Mr. Cummings is right: Energy efficiency is boring

We all love a contentious headline don’t we?

In July, the government launched a new grant scheme to encourage homeowners to invest in energy saving measures, partially filling a silent black hole in UK climate policy that’s existed for at least half a decade.

We’ve gone years without any genuine government action on domestic energy efficiency, save for the largely ineffectual Energy Company Obligation (ECO) and the Minimum Energy Efficiency Standards (MEES) for rented buildings, which aren’t even being policed. Given that the UK’s housing stock is among the least efficient in Europe, these measures have been little more than tiny sticking plasters on a huge, gaping wound.

The absence of government action on energy efficiency is all the more alarming given that retrofitting buildings is simultaneously one of the most cost-effective ways to tackle climate change and a fantastic opportunity to create hundreds of thousands of jobs. It also saves homeowners and renters money, reduces fuel poverty, improves health & wellbeing and eases pressure on the electricity grid. That’s a double hat-trick of wins. It’s a win-win-win-win-win-win.

Boring

So why hasn’t energy efficiency been at the top of our national to-do list? It’s pretty simple really: it’s boring. Dominic Cummings has reportedly sought to water down energy efficiency policy for that very reason. Compared with ever-new and exciting ways to produce energy, just using less of it seems a bit dull.

It’s also invisible. There’s nothing physical to cling onto and show your friends. Why spend a few billion on energy efficiency when a brand-spanking-new nuclear power station could generate the same amount of energy you would be saving? (Even if that power station will cost far, far, far more).

Case in point: It was impossible to find an attractive energy efficiency themed image for this blog post. If I was writing about renewables, I could choose from a million and one stylish photos of sunlight glinting off sapphire solar panels, or wind turbines standing sentinel in long, majestic lines on dusky horizons. Energy efficiency? A guy rolling out loft insulation. A radiator. A hand turning down a thermostat. A lightbulb. That’s about it. And to make it even worse, the most visually appealing lightbulbs tend to be the least energy efficient ones. See my point?

Absolutely, positively, necessary

I am of course playing devil’s advocate. The truth is, energy efficiency is absolutely essential if we’re to mitigate the climate emergency. There’s no getting around it. Heating our homes accounts for nearly a fifth of UK emissions, and that’s excluding electricity use. The vast majority of the buildings standing today will still be here in 50 years’ time, so we can’t simply build our way out of trouble.

Photo: Dan Slee / flickr (CC BY-NC 2.0)

We’re also in the midst of a fuel poverty crisis. At least 10,000 people die on average each year from cold homes, and related ill health costs the NHS billions. The government has a statutory target to ensure as many fuel poor homes as possible reach a minimum Energy Performance Certificate (EPC) rating of Band C by 2030, but at the current rate of progress that will take nearly a century.

If we turn things around and put in place the policies and programmes required to make our housing stock fit for the future, we could create a burgeoning low carbon industry and more than 300,000 jobs over the next ten years. The economic and social opportunities are massive — if you’re looking for positive solutions that will help us rebuild the economy after COVID-19, this is it.

So what’s to be done?

So how can we make energy efficiency seem less boring? As a writer I may be biased, but I think part of the problem lies in the name. The word ‘efficiency’ is problematic. It’s the antithesis of ‘sexy’. It conjures up images of bureaucratic bean counters and humourless bespectacled consultants holding clipboards. It says ‘use less’, which we certainly need to do, but maybe we should be re-framing it as ‘use better’.

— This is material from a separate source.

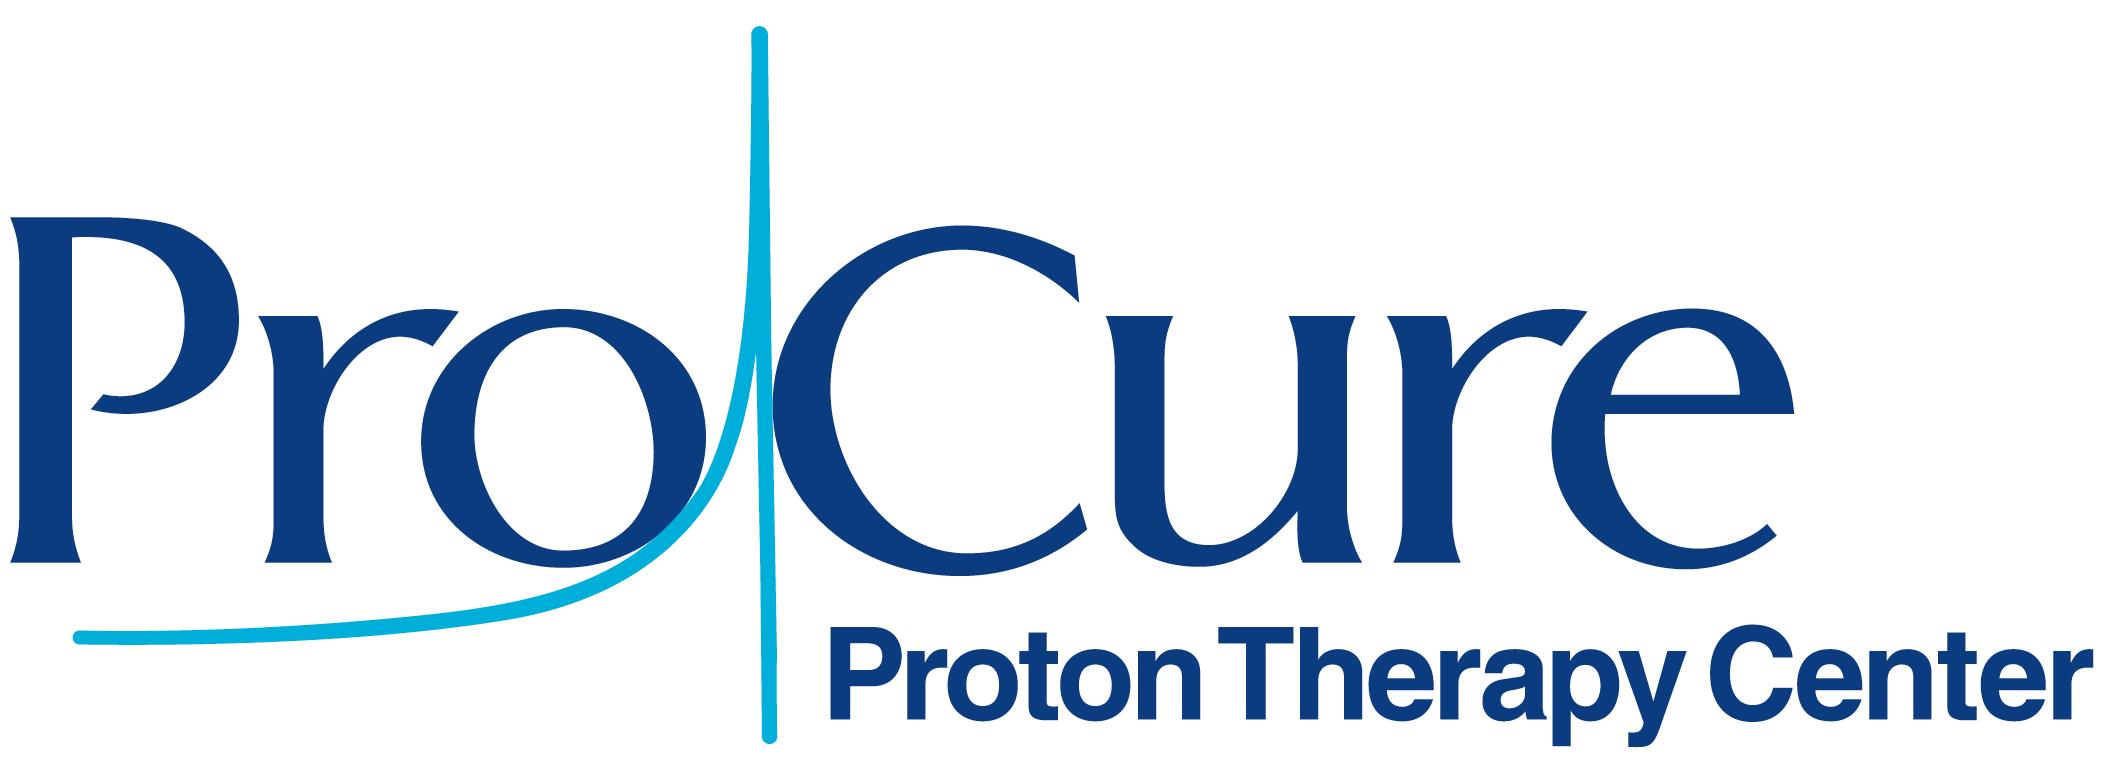 Procure_Logo.12.13.13.png
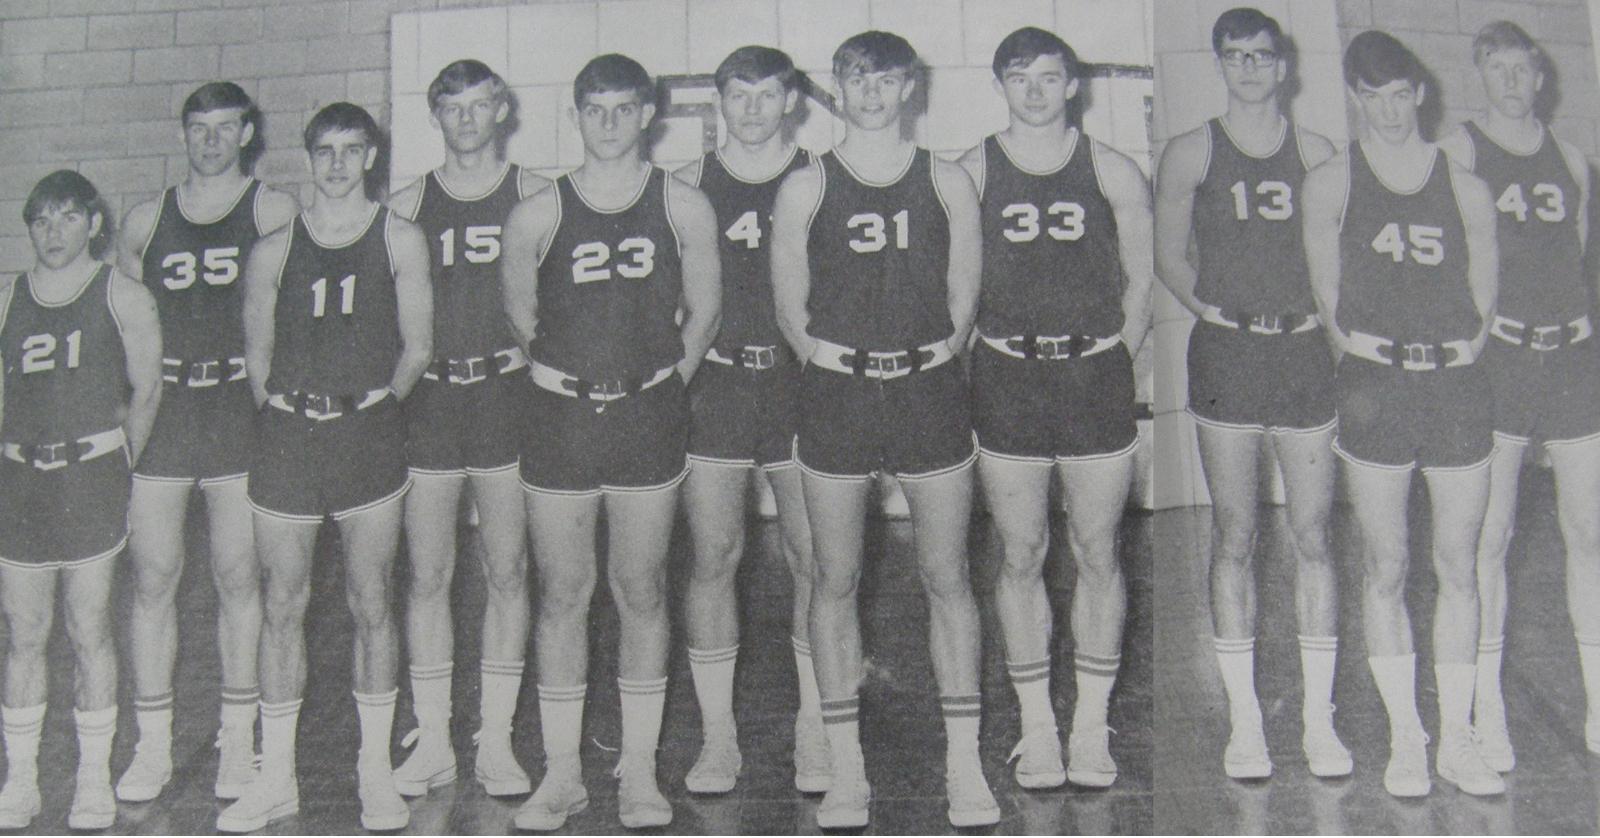 Newton Athletics' Hall of Fame Night – Saturday, January 11th

One of the alternative terms I’ve heard is ‘energy intelligence’. That at least captures the imagination. It suggests there’s something clever and interesting going on behind the scenes. Which is true; a lot of energy saving technology is genuinely clever and interesting. And isn’t an energy efficient building just one that uses energy intelligently? It’s the same outcome, but with an added sense of wisdom and ingenuity that perhaps even Mr. Cummings could get on board with.

Is changing the name going to solve the problem? Of course not, but hopefully it does highlight the importance of choosing words carefully when communicating really, really important things that we really, really want people to do.